What to work on> Copy verbatim the material from its first line to the line that holds "The outsiders. Trump with Britain’s Farage.", including that line.

Source records>
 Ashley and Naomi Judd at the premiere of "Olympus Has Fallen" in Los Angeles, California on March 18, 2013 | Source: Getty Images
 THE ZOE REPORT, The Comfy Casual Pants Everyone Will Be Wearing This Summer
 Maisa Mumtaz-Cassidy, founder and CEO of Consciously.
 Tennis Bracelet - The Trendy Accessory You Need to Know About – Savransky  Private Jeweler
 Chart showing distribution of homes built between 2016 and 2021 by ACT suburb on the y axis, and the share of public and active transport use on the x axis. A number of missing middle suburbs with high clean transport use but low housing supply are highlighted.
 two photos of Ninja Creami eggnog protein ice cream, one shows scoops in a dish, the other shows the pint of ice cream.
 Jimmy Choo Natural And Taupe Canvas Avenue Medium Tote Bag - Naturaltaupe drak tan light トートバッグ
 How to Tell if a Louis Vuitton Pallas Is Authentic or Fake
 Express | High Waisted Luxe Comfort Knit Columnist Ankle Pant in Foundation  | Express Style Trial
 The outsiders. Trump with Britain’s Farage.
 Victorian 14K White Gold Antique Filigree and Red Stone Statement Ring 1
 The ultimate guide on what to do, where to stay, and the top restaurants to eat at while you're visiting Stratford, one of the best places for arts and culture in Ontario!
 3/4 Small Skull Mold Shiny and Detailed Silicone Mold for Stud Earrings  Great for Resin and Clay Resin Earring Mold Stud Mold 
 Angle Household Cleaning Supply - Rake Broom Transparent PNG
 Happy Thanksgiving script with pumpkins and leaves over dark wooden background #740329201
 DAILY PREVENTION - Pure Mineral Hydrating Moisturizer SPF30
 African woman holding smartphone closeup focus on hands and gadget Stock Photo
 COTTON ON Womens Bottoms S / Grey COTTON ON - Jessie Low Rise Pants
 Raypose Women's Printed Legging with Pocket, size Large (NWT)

Your solution>
 Ashley and Naomi Judd at the premiere of "Olympus Has Fallen" in Los Angeles, California on March 18, 2013 | Source: Getty Images
 THE ZOE REPORT, The Comfy Casual Pants Everyone Will Be Wearing This Summer
 Maisa Mumtaz-Cassidy, founder and CEO of Consciously.
 Tennis Bracelet - The Trendy Accessory You Need to Know About – Savransky  Private Jeweler
 Chart showing distribution of homes built between 2016 and 2021 by ACT suburb on the y axis, and the share of public and active transport use on the x axis. A number of missing middle suburbs with high clean transport use but low housing supply are highlighted.
 two photos of Ninja Creami eggnog protein ice cream, one shows scoops in a dish, the other shows the pint of ice cream.
 Jimmy Choo Natural And Taupe Canvas Avenue Medium Tote Bag - Naturaltaupe drak tan light トートバッグ
 How to Tell if a Louis Vuitton Pallas Is Authentic or Fake
 Express | High Waisted Luxe Comfort Knit Columnist Ankle Pant in Foundation  | Express Style Trial
 The outsiders. Trump with Britain’s Farage.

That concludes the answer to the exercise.